Don't worry about how much you have.  Worry about how much you give.  The great irony is that by giving, you'll ultimately be the receiver.  By getting and hoarding, you'll ultimately come away empty-handed.  Have as your goal at your funeral a church overflowing with family and friends and many who never knew you but were touched by your generosity.  It will be much greater and more interesting than a hearse and a brief graveside ceremony.
One more thing about the small stuff.  Remember to separate the minutiae from the small stuff.  The small stuff isn't small because it's not important.  It's small because it's a part of something bigger.  Minutiae--now that's unimportant.  Need an example?  Your son wants you to play catch in the backyard.  That's small.  That's important.  Your co-worker tells you that the shipment will get there a day late because of a blizzard in the Rockies.  That's minutiae.  You make a phone call and tell your customer what's happening, and you've already done all you can.  Beyond that, it's unimportant.

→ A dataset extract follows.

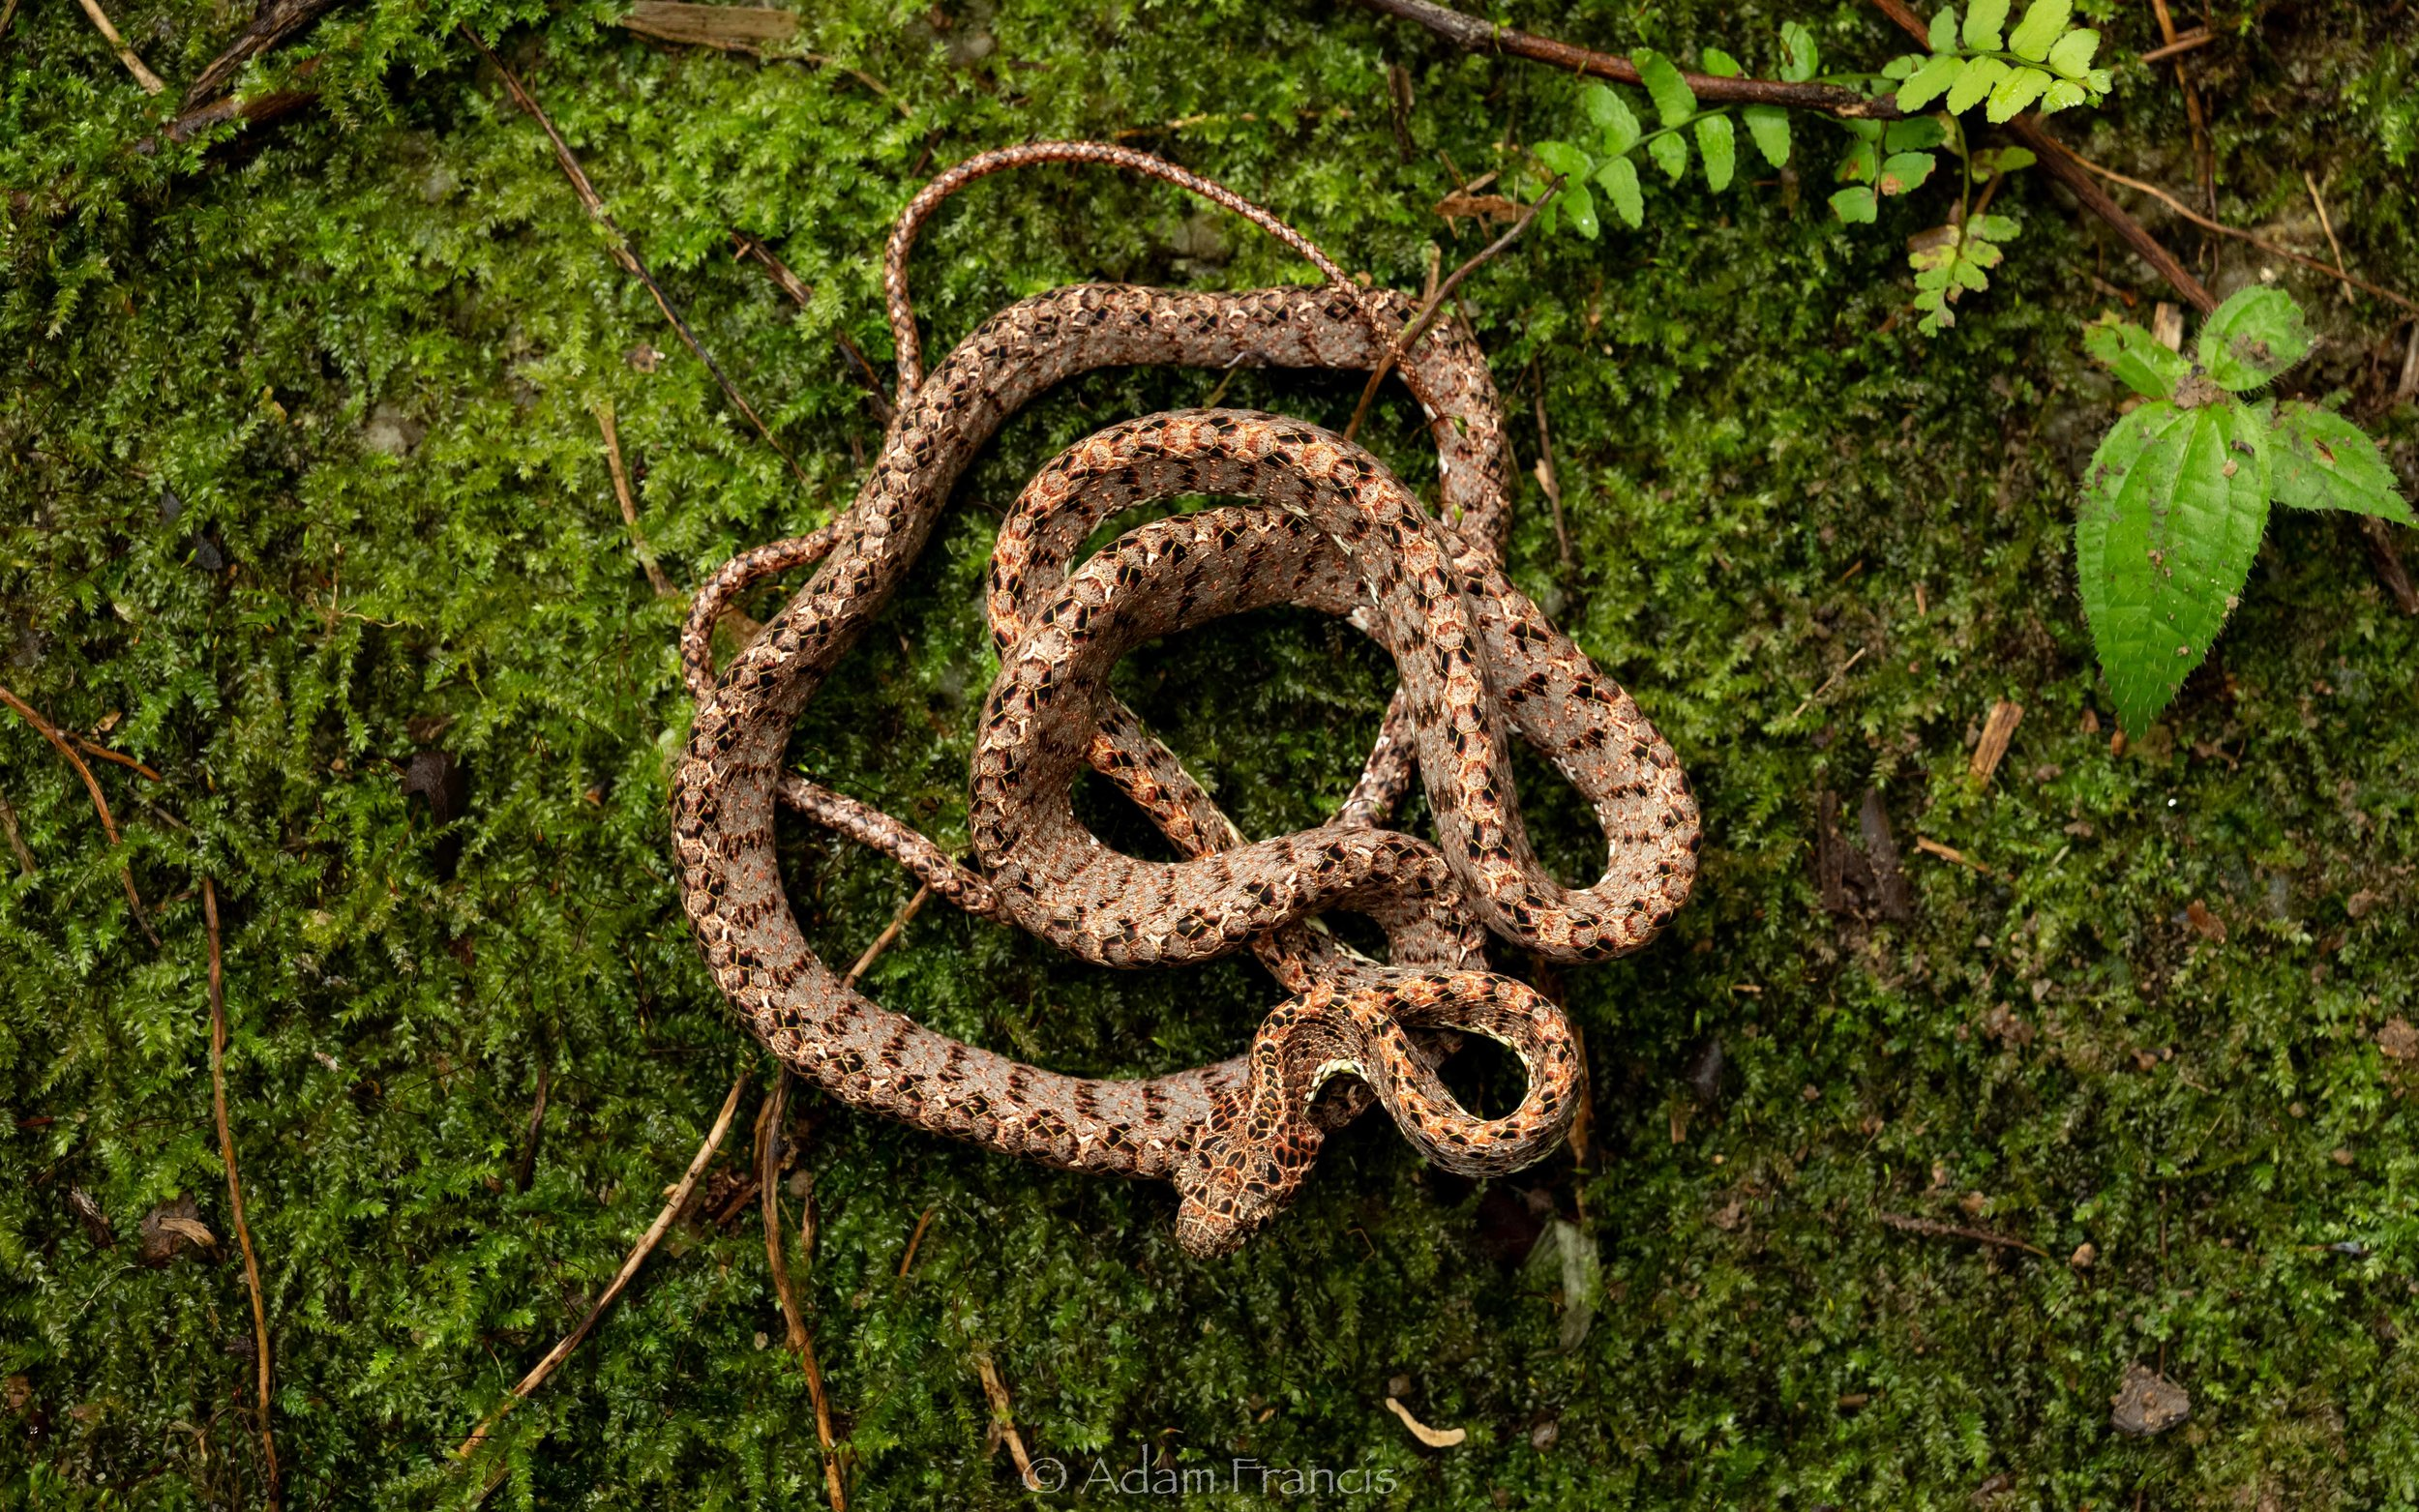 Jasper Cat Snake - Boiga jaspidea
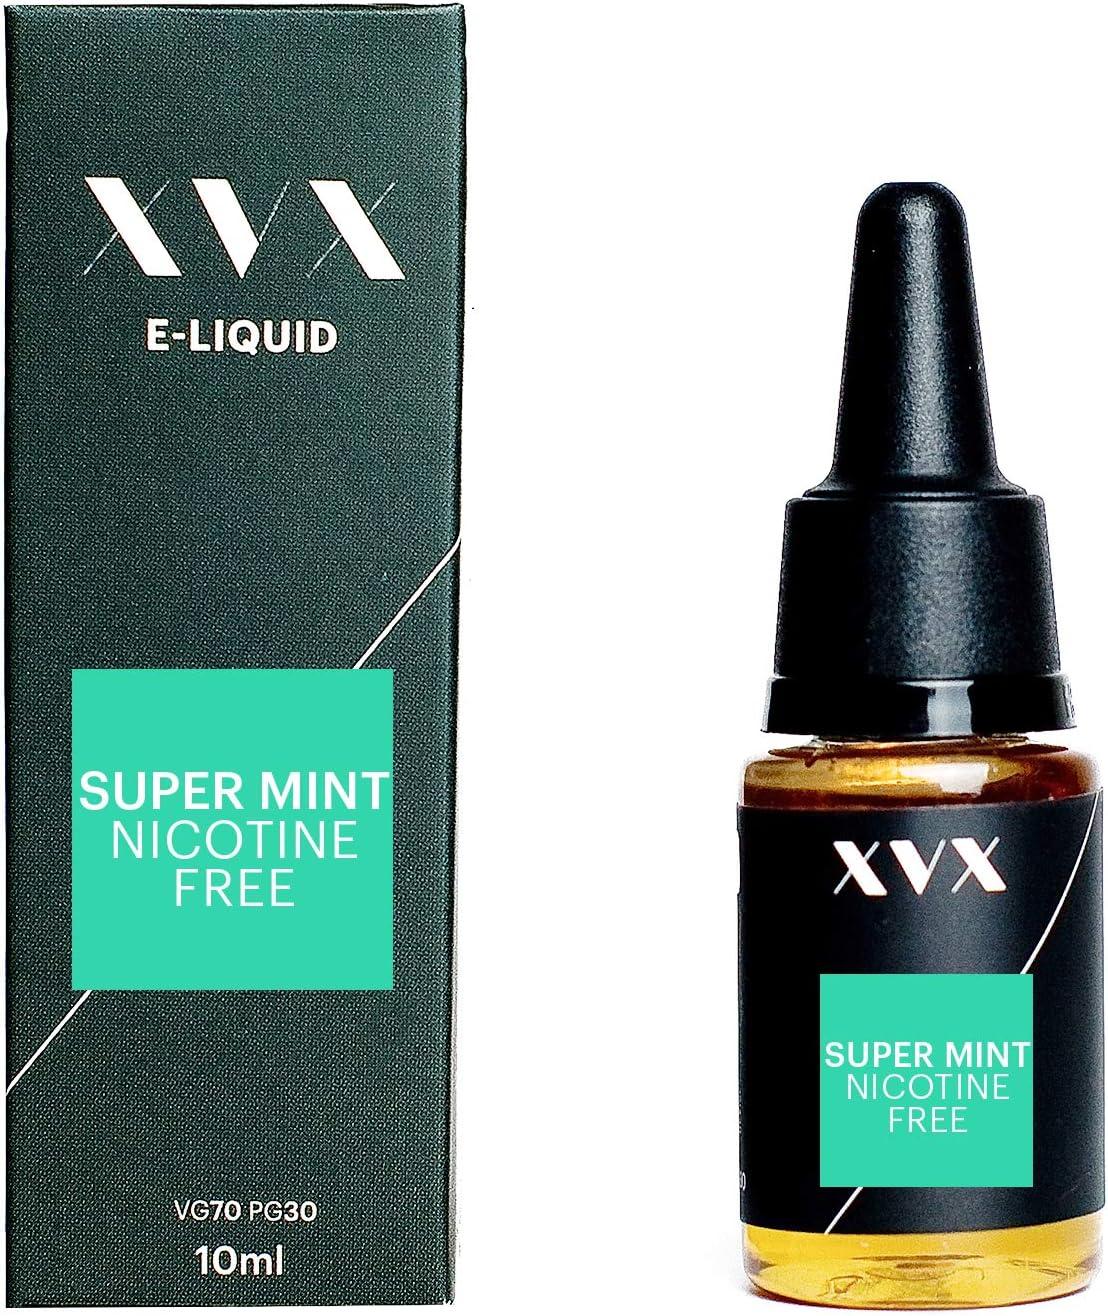 XVX E Liquid Super Mint Flavour Electronic Liquid For Vape Pen Cigarettes E Cigarette Shisha Vapouriser Liquid 10ml Nicotine Free Bottle Needle Tip Ecig E Cig

Laugh.  Laugh uproariously.

Hug someone or shake someone's hand everyday.  Hug your wife or your husband.  Shake your co-worker's hand.  You can even shake the hand of the person in back of you in line at the grocery store.  Whoever it is, and whatever the circumstances, you will be making someone's day a little happier and a little brighter.  And remember, by giving you're actually the one who is getting.  It works out that way.
Teach your kids how to save.  In our society of easy credit and instant gratification, the simple act of saving is becoming a thing of the past.  Our parents and grandparents lived through the Great Depression, when having clothes for school and a hot dinner every night was nothing to take for granted.  Nowadays we're not only complacent about that hot meal, but we choose between eating at home or eating out, between Thai food or Italian, between the local corner restaurant or our own dinner table.  We buy a new pair of jeans because they're on sale, not because we really need another pair.  We lease a new car every three years because the lease on our "old" one has expired, not because we really need a new car.  Old Ben Franklin was right: a penny saved really is a penny earned.  So teach your kids how to earn more by saving more.
Choose happiness.  It really is a choice.  Life does throw us curve balls, it's true.  And it is also true that sometimes life isn't fair.  But guess what?  When it happens to you, you're not the only one.  And in spite of what you may think, your circumstances are not unique to you.  It's not whether we hit that curve ball out of the park, because chances are that we won't.  What matters is whether we keep swinging, even when the curve balls keep coming.

Fly.

Dwight Eisenhower said that those who fail to plan, plan to fail.  Always have a list of goals and review that list at least once a year.  How are you doing in accomplishing those things?  And if you're not achieving those goals, how do you kick yourself in the butt to do them?  The goals don't have to be huge, but you do need to begin achieving them.  It will boost your self-confidence.  It will help you bounce out of bed in the morning.  And--best of all--when you scratch those goals off your list because you achieved them, you'll be replacing them with new goals that are even bolder and bigger.
Be kind to yourself.  Okay, so you don't have the body of Elizabeth Hurley, the voice of Andrea Bocelli, or the brains of Albert Einstein.  Guess what?  The guy next to you doesn't either.  What you do have is your own uniqueness, your own style, your own way of doing things.  Every one of us has something we do do better than 90% of our peers.  So don't focus on what you aren't or can't or won't be.  Focus on what you are and can and will be.  You will be a lot happier, and the world really will be a better place. 

Oh yeah.  Don’t forget to sweat the small stuff.